24.2.1 Balance Checks

  • Also known as checking for Discontinuities in Average Covariates

  • Null Hypothesis: The average effect of covariates on pseudo outcomes (i.e., those qualitatively cannot be affected by the treatment) is 0.

  • If this hypothesis is rejected, you better have a good reason to why because it can cast serious doubt on your RD design.

24.2.2 Sorting/Bunching/Manipulation

  • Also known as checking for A Discontinuity in the Distribution of the Forcing Variable

  • Also known as clustering or density test

  • Formal test is McCrary sorting test (McCrary 2008) or (Cattaneo, Idrobo, and Titiunik 2019)

  • Since human subjects can manipulate the running variable to be just above or below the cutoff (assuming that the running variable is manipulable), especially when the cutoff point is known in advance for all subjects, this can result in a discontinuity in the distribution of the running variable at the cutoff (i.e., we will see “bunching” behavior right before or after the cutoff)>

    • People would like to sort into treatment if it’s desirable. The density of the running variable would be 0 just below the threshold

    • People would like to be out of treatment if it’s undesirable

  • (McCrary 2008) proposes a density test (i.e., a formal test for manipulation of the assignment variable).

    • \(H_0\): The continuity of the density of the running variable (i.e., the covariate that underlies the assignment at the discontinuity point)

    • \(H_a\): A jump in the density function at that point

    • Even though it’s not a requirement that the density of the running must be continuous at the cutoff, but a discontinuity can suggest manipulations.

  • (Zhang and Rubin 2003; Lee 2009; Aronow, Baron, and Pinson 2019) offers a guide to know when you should warrant the manipulation

  • Usually it’s better to know your research design inside out so that you can suspect any manipulation attempts.

    • We would suspect the direction of the manipulation. And typically, it’s one-way manipulation. In cases where we might have both ways, theoretically they would cancel each other out.
  • We could also observe partial manipulation in reality (e.g., when subjects can only imperfectly manipulate). But typically, as we treat it like fuzzy RD, we would not have identification problems. But complete manipulation would lead to serious identification issues.

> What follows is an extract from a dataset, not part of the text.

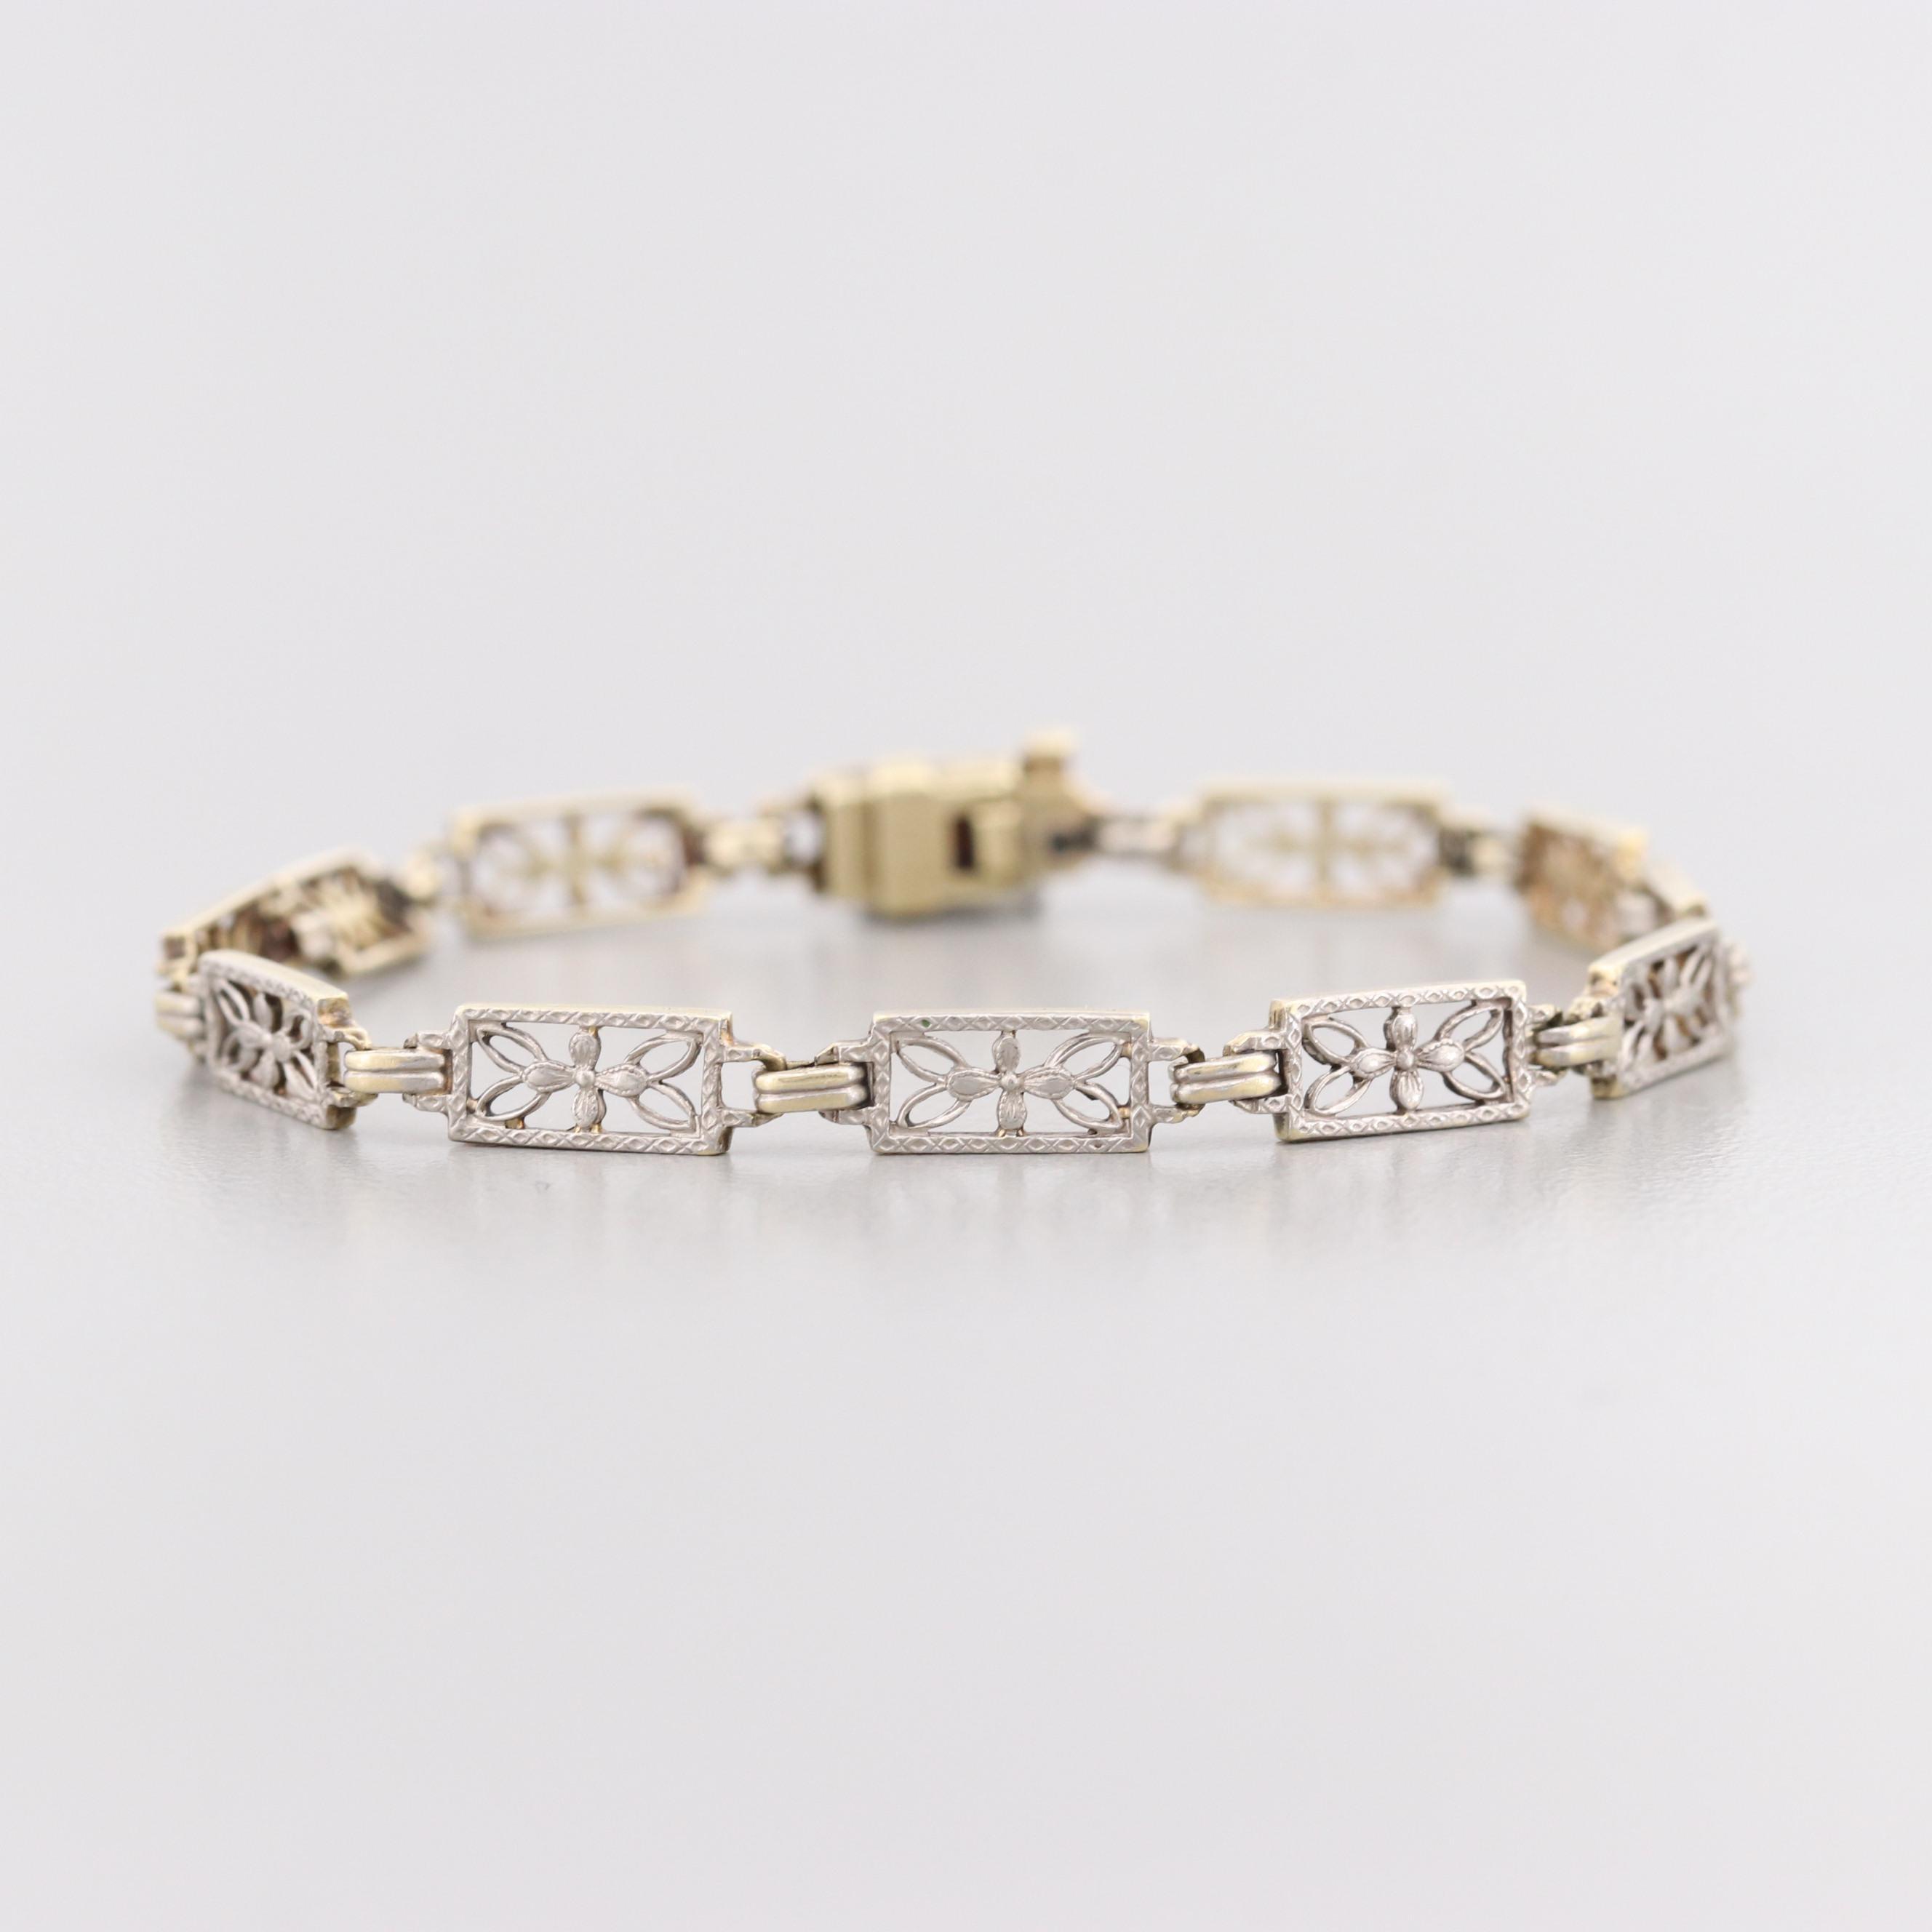 Edwardian 14K Yellow Gold and Platinum Bracelet

  • Remember: even in cases where we fail to reject the null hypothesis for the density test, we could not rule out completely that identification problem exists (just like any other hypotheses)

  • Bunching happens when people self-select to a specific value in the range of a variable (e.g., key policy thresholds).

  • Review paper (Kleven 2016)

  • This test can only detect manipulation that changes the distribution of the running variable. If you can choose the cutoff point or you have 2-sided manipulation, this test will fail to detect it.

  • Histogram in bunching is similar to a density curve (we want narrower bins, wider bins bias elasticity estimates)

  • We can also use bunching method to study individuals’ or firm’s responsiveness to changes in policy.

  • Under RD, we assume that we don’t have any manipulation in the running variable. However, bunching behavior is a manipulation by firms or individuals. Thus, violating this assumption.

    • Bunching can fix this problem by estimating what densities of individuals would have been without manipulation (i.e., manipulation-free counterfactual).

    • The fraction of persons who manipulated is then calculated by comparing the observed distribution to manipulation-free counterfactual distributions.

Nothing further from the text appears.